I recently started a WPF application. I connected that to a BaseX (XML-based) database and retrieved about one million entries from it. I wanted to iterate over the entries, calculate something for each entry and then write that back to the database:
IEnumerable<Result> resultSet = baseXClient.Query("...", "database");
foreach (Result result in resultSet)
{
...
}
The problem: The inside of the foreach is never reached. the Query() method returns pretty fast, but when the foreach is reached C# seems to do SOMETHING with the collection, the code is not continuing for a very very long time (at least 10 minutes, never let it run any longer).
What’s going on here?
I tried to limit the number of items retrieved. When retrieving 100.000 results, the same thing occurs but the code continues after about 10-20 seconds. When retrieving the full one million results, C# seems to be stuck forever…
Any ideas?
regards
Edit: Why this is happening
As some of you pointed out, the reason for this behavior seems to be that the query is actually only evaluated when MoveNext() on the Enumerator inside the Enumerable is called. My database seems unable to return one value at a time, but instead returns the entire one million dataset at once. I will try to switch to another database (Apache Lucene, if possible, as it has good fulltext search support) and edit this post to let you know if it changed anything.

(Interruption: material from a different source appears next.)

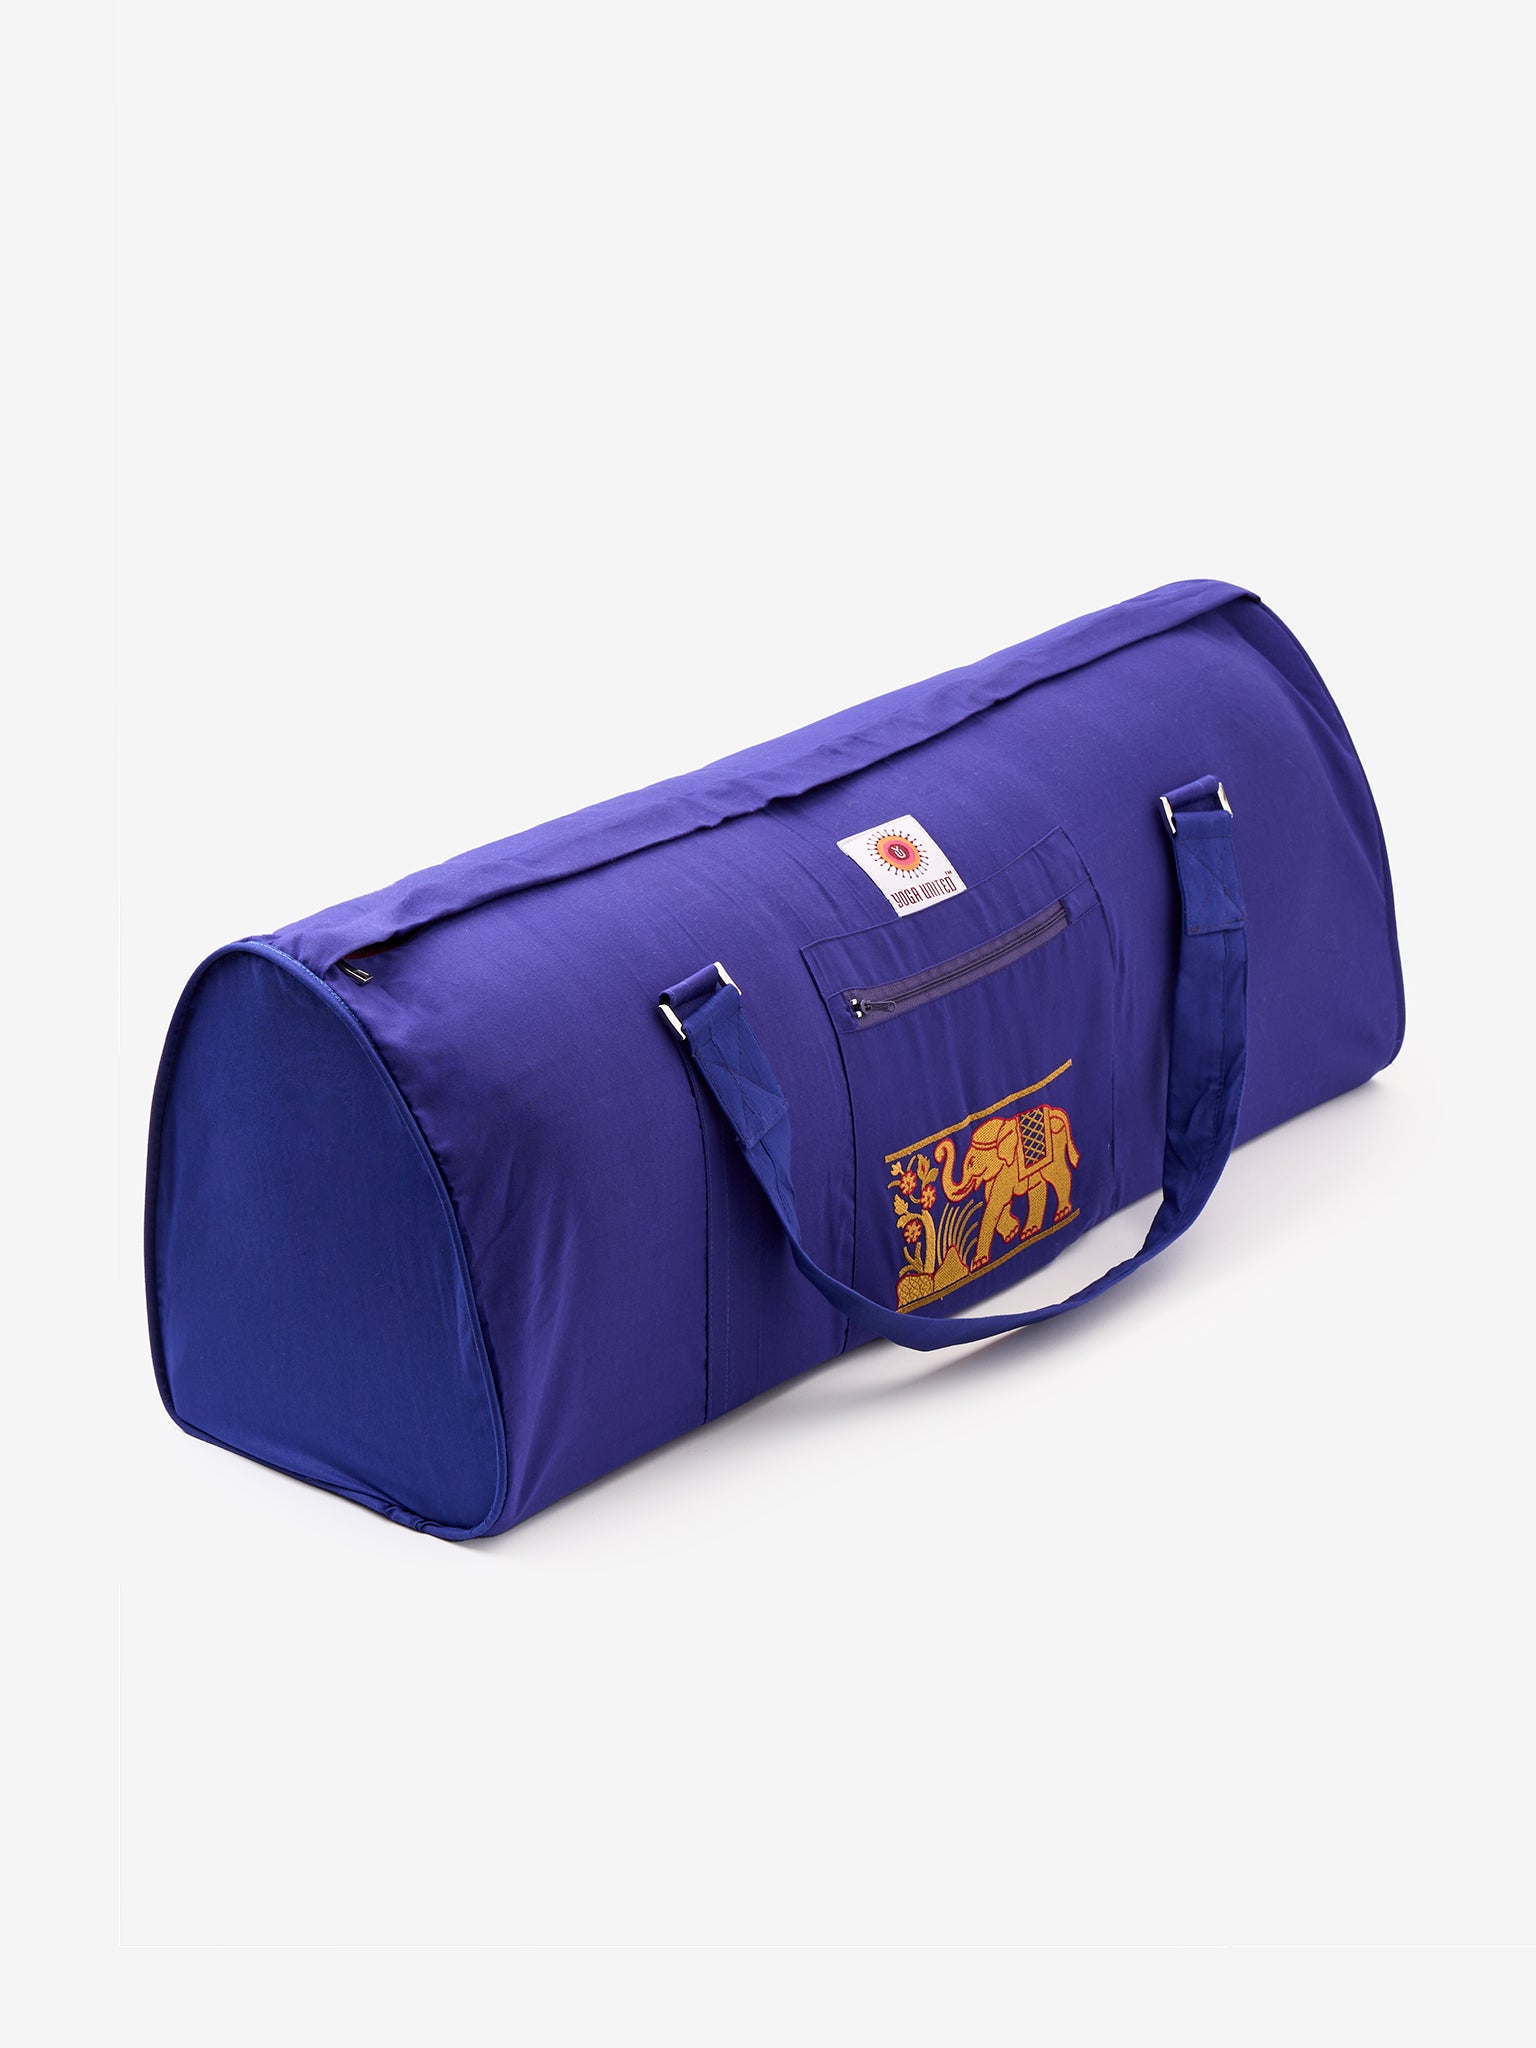 Yoga United Yoga Kit Bag

PS: Yes, I am aware that one million results is a lot. This is not meant for live usage, it is just a step for preparing the data. While I didn’t expect the code to run in a few seconds, I was still surprised to see SUCH poor performance in the database.
Edit: The Solution So I migrated the XML database to Apache Lucine. Works like a charm! Of course Lucine is a text-based database that is not suitable for every use case, but for me it worked wonders. Can iterate over one million entries in a few seconds, one entry per loop is fetched – works extremly well!
One million of anything is a lot… so any operation that obtains that many items is expected to take significant amount of time. It looks like library you use does not defer retrieving items till it is absolutely necessary – so you see impact of getting all items hidden behind “foreach” statement.
What happens:
“foreach” is not a single operation, but rather several calls on IEnumerable and IEnumerator: IEnumerable.GetEnumerator, repeated calls to IEnumerator.MoveNext.
First call
GetEnumeratormay be implemented with deferred execution (most common way how LINQ queries are written) or immediate execution (which seem to be the case of your collection.Calls to MoveNext could also trigger immediate execution of whole query even if you are asking just for single item or each call can get just single item. I.e. most LINQ queries get just one next item from iterator.